Output these aggregates to csv if you’d like.

copy (select * from sunpower_daily) to './data/aggregates/daily.csv';
copy (select * from sunpower_monthly) to './data/aggregates/monthly.csv';
copy (select * from sunpower_yearly) to './data/aggregates/yearly.csv';

Play with duckdb

I thought this was interesting.

select 
    month(day) as month,
    avg(production) production,
    avg(consumption) consumption,
    avg(grid) grid
from sunpower_daily 
group by month 
order by grid;
month production consumption grid
6 48.59366670968011 24.173833327367902 -24.419833369149515
7 51.70338710893186 36.753064496863274 -14.950322639106982
8 44.24016130009606 29.734354813493066 -14.505806475336994
5 44.31112911753477 31.381129051799014 -12.930000026109479
9 36.298166707033914 24.128333315998315 -12.169833363064875
4 38.02533335089684 33.15449992132684 -4.870833339852592
10 27.655806478233107 26.446128989900313 -1.2096774174020655
3 27.762253475414827 39.247746454368176 11.485492896498508
11 15.509166642930358 40.19949999178449 24.690333327340582
2 20.811058854530838 48.012352964983265 27.201294152920738
12 7.298552617112077 45.35565785024511 38.05710524291192
1 9.489139803154494 48.21580643823711 38.72666667590058

June is the most efficient month in terms of average daily net grid usage, sending ~10kWh more back to the grid each day than the next highest month. Production is high and consumption is low. These numbers indicate that most of the usage is seasonal, indicating heat/AC as the main usage.

What are other interesting questions to ask this data?

  • Are there any trends when comparing the same month across years?
  • What are the daily averages for each month across years?
  • etc.

Exit duckdb

Press Ctrl+D at any time to exit the duckdb CLI shell. Enter again with duckdb data/sunpower.db.
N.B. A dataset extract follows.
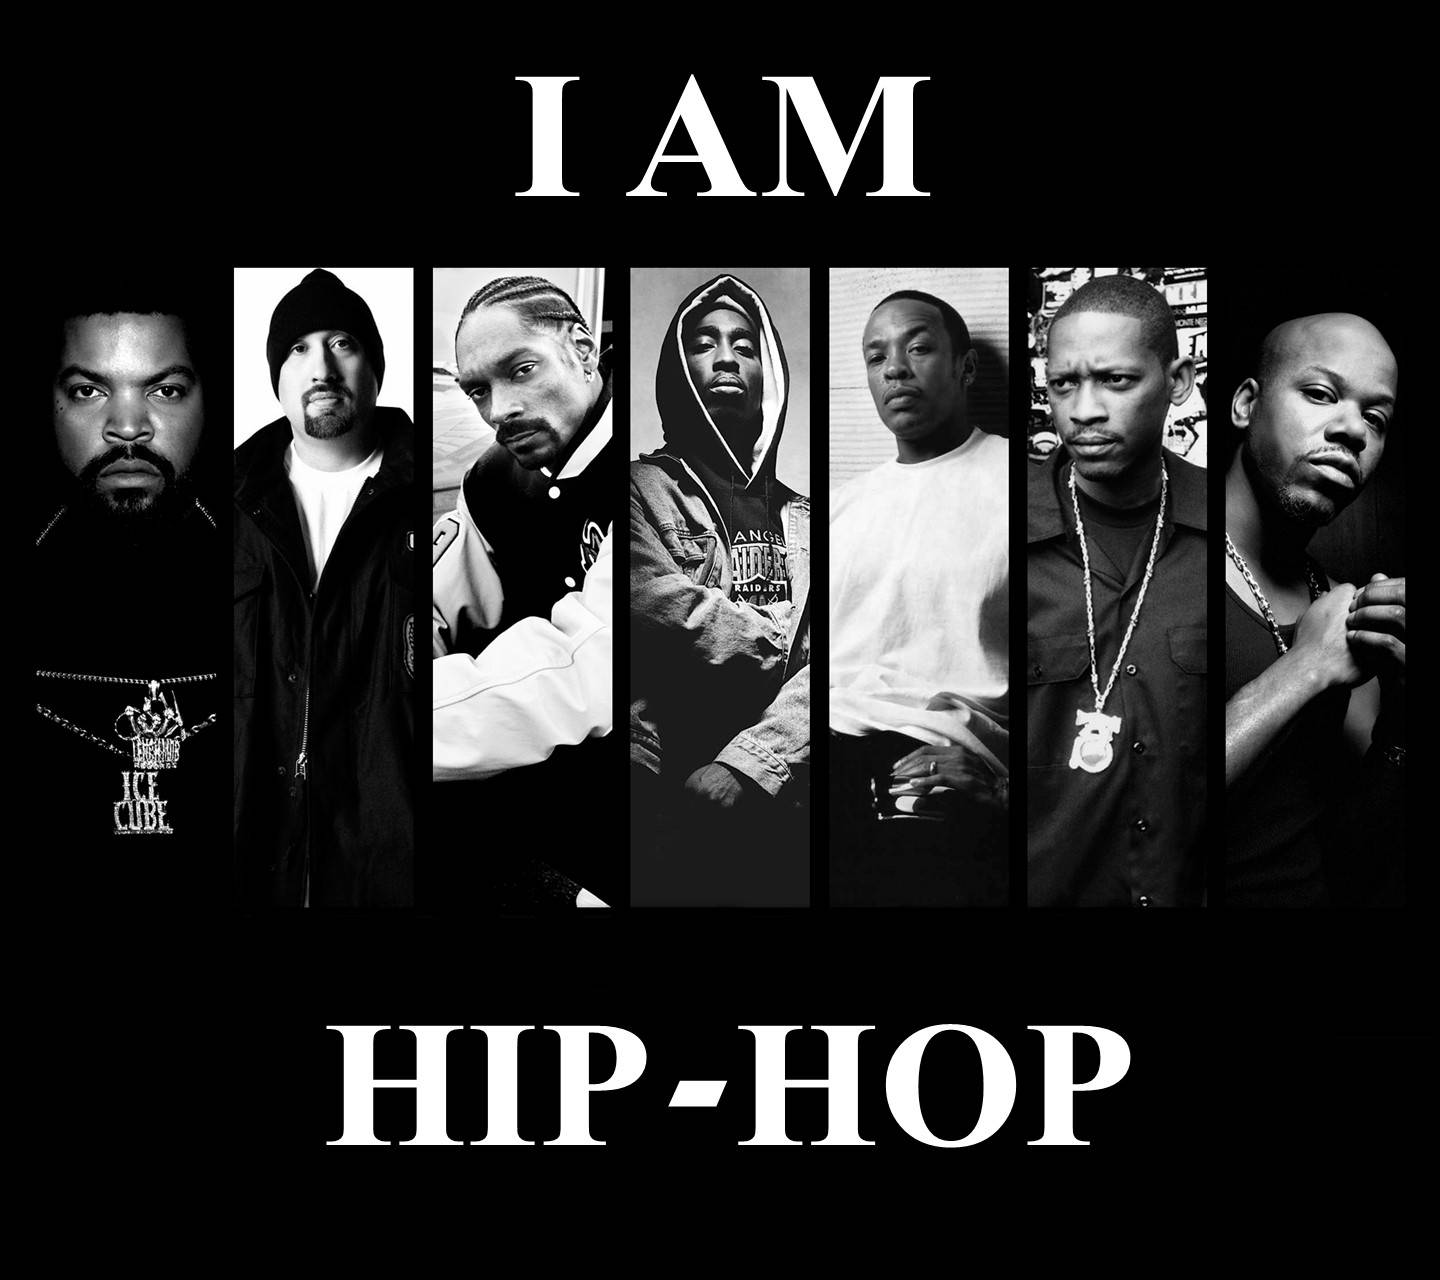 I AM Hip Hop Wallpaper Free I AM Hip Hop Background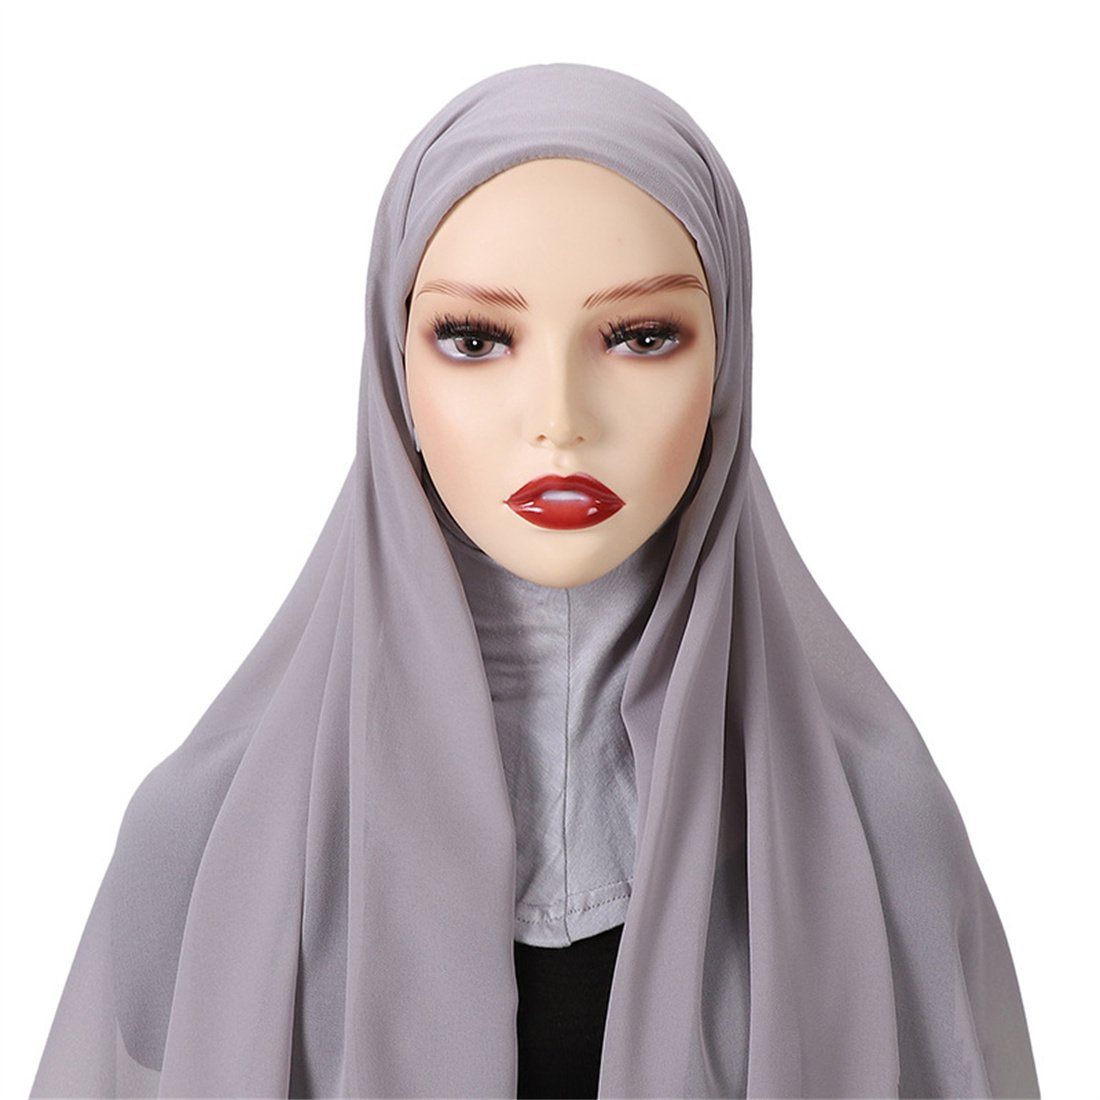 DÖRÖY Seidenschal Frauenkopfbedeckung Sarong, Sarong, Kopfbedeckung Grau

Data Visualization with Rill

I followed the Rill Data quickstart to create a local dashboard.

In the UI, I chose duckdb source with this SQL:

select * from read_csv_auto('<path to>/sunpower/data/timeseries/sunpower_timeseries.csv', header = true);

Rill’s local environment apparently uses duckdb out of the box!

After you install the rill CLI, here is the command to start the UI server:

rill start sunpower-viz

And go to http://localhost:9009.

Rill also generated a dashboard using AI, which saved some time getting to a nice dashboard. For example, here is a year over year comparison of the month of January 2024 vs 2023 for total grid usage:

January 2024 (blue) vs 2023 (grey)

A 15% reduction in grid usage year over year!

Next Steps

  • I’d love to hook up Apache Superset, Grafana, or some other data visualization tool to duckdb.
  • Set up orchestrator job to load new data on a schedule (e.g. with Airflow or Prefect)
  • Other ideas?

Real-Time with Materialize.

As an extension, I’ve thought about tapping into the server on my physical PVS6 box as outlined in this cool project to get real-time readings. I could then HTTP POST those readings directly into my Materialize database with the Webhook Source and maintain real-time views over the data.

Full disclosure: Materialize is my employer as of writing.